Here's part of the story.
> From: "Doug McIlroy" <doug(a)cs.dartmouth.edu>
> To:<tuhs(a)minnie.tuhs.org>
> Sent:Fri, 16 Dec 2016 21:09:16 -0500
> Subject:[TUHS] How Unix made it
to the top
>
> It has often been told how the Bell Labs law department became the
> first non-research department to use Unix, displacing a newly acquired
> stand-alone word-processing system that fell short of the department's
> hopes because it couldn't number the lines on patent applications,
> as USPTO required. When Joe Ossanna heard of this, he told them about
> nroff and promised to give it line-numbering capability the next day.
> They tried it and were hooked. Patent secretaries became remote
> members of the fellowship of the Unix lab. In due time the law
> department got its own machine.
Come to think of it, they must already have had a machine, probably
leased from the commercial word-processing company, for they had DEC
tapes they needed to convert to Unix format. Several of us in the Unix
lab spent a memorable afternoon decoding the proprietary format. It was
finally broken when we computed a bitwise autocorrelation function. It
had a big peak at seven. The tapes were pure ASCII rather than bytewise
ASCII--a lot of work for very little data compression.
As for training, the secretaries had to learn nroff and ed plus the
usual lot of ls, mkdir, mv, cp, rm.
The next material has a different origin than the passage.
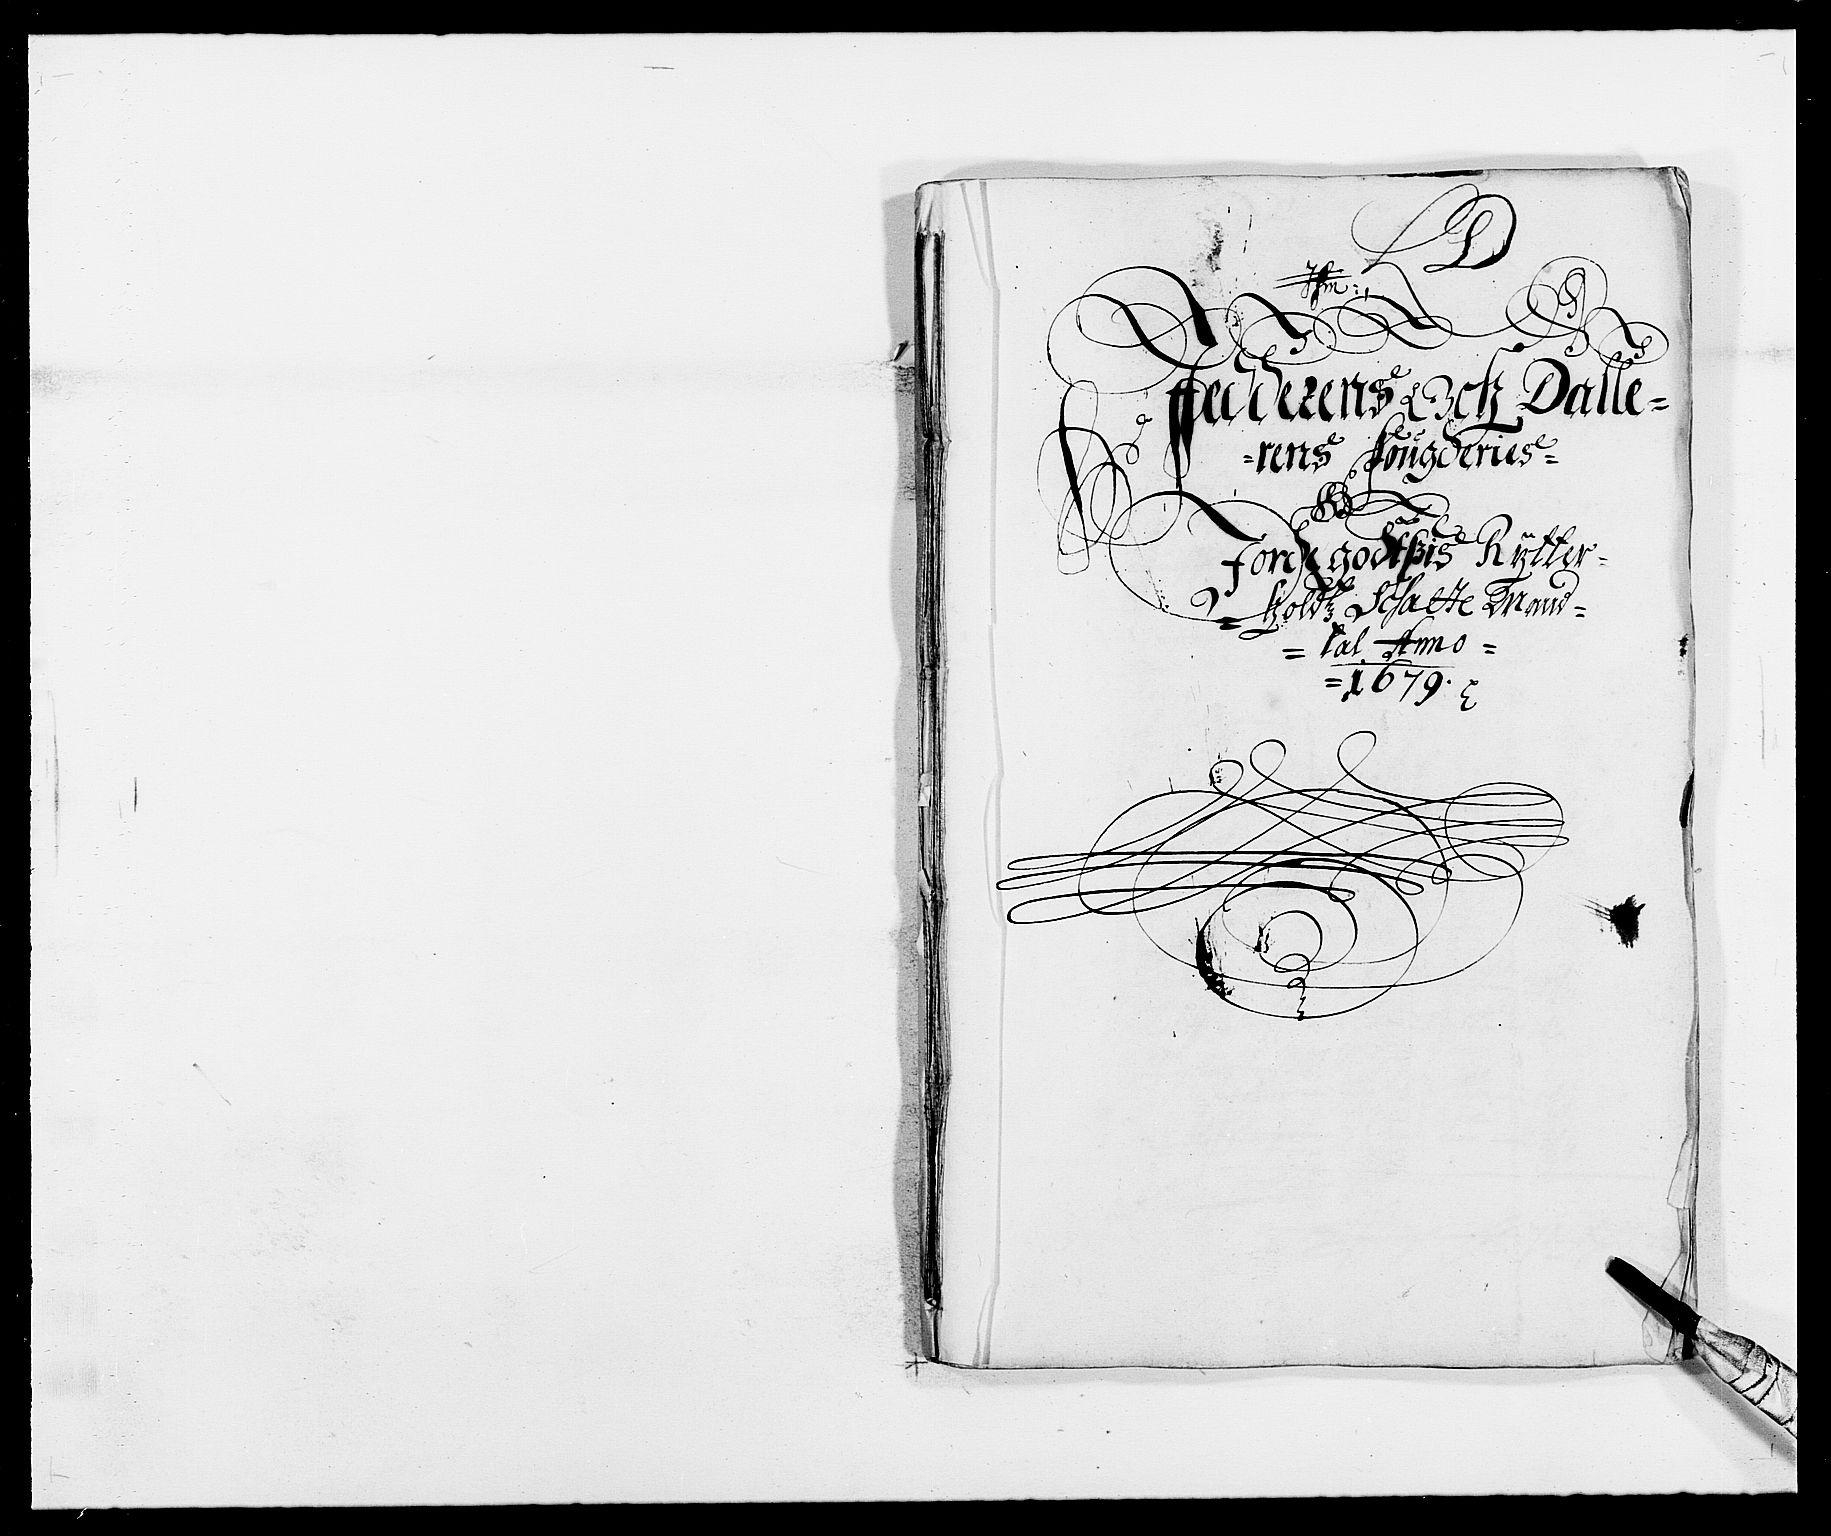 RA, Rentekammeret inntil 1814, Reviderte regnskaper, Fogderegnskap, R46/L2719: Fogderegnskap Jæren og Dalane, 1679, s. 105

The patent department had to invest
in modems and order phone lines to plug them into. I don't know what
terminals they used.
>From this distant point in time it seems that it all happened in a couple
of weeks. Joe Ossanna did most of the teaching, and no doubt supplied
samples to copy. As far as I know the only other instructional materials
would have been man pages and the nroff manual (forbiddingly terse,
though thorough). He may have made a patent-macro package, but I doubt
it; I think honor for the first real macro package goes to Lesk's -ms.